EP by Olivia
- Released: January 17, 2007
- Recorded: 2005–2006
- Genre: Rock/Alternative
- Language: Japanese/English
- Label: Cutting Edge

Olivia mini-album chronology
| The Return of the Chlorophyll Bunny (2003) | The Cloudy Dreamer (2007) | Trinka Trinka (2008) |

CD+DVD Cover
- CD+DVD version of "The Cloudy Dreamer"

= The Cloudy Dreamer =

The Cloudy Dreamer is the fifth mini-album by Olivia Lufkin, released on January 17, 2007. The mini-album debuted at #15 on the Oricon Weekly Charts, making it Olivia's most successful album to date.

Two versions of the album were released, a CD Only version and a CD+DVD version. The DVD includes the PV "Stars Shining Out" and five live performances from Olivia's July 25 concert at Shibuya O-West. In addition to new songs and the A Little Pain song with the song "Wish (English version)", the mini-album also features "Dream Catcher", which was used as the ending theme for the live action television drama series of Jigoku Shōjo and "If You Only Knew", which was used as main theme for the Korean drama of The Snow Queen.
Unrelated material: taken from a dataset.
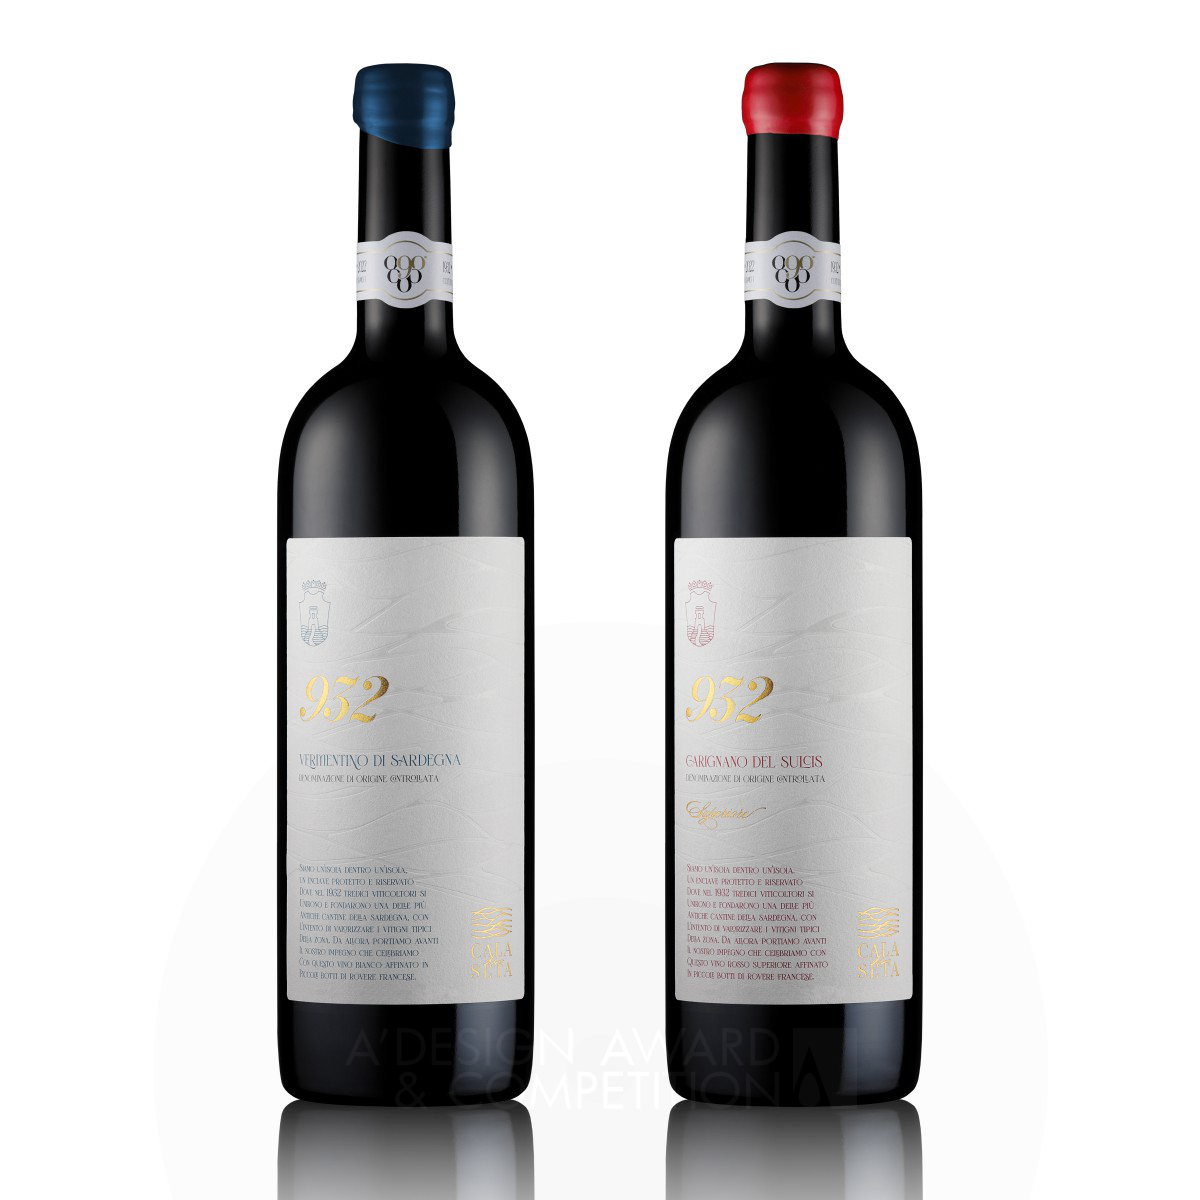 Giovanni Murgia wins Bronze at the prestigious A' Packaging Design Award with Cala di Seta 932 Wine Labels.

First press limited editions of the CD+DVD version included Olivia's Art & Photo Mini-Book and Olivia's Art & Photo Poster.

==Track listings==
CD Track listing
1. "If You Only Knew"
2. "Stars Shining Out"
3. "Dream Catcher"
4. "Who's Gonna Stop It?"
5. "Cloudy World"
6. "Cut Me free"
7. "Wish" (English ver.)
8. "A Little Pain"
DVD Track listing
1. "Stars Shining Out" (PV)
2. "Alone in Our Castle" (Live at Shibuya O-West 25 July 2006)
3. "Let Go" (Live at Shibuya O-West 25 July 2006)
4. "A Little Pain" (Live at Shibuya O-West 25 July 2006)
5. "SpiderSpins" (Live at Shibuya O-West 25 July 2006)
6. "Devil's in Me" (Live at Shibuya O-West 25 July 2006)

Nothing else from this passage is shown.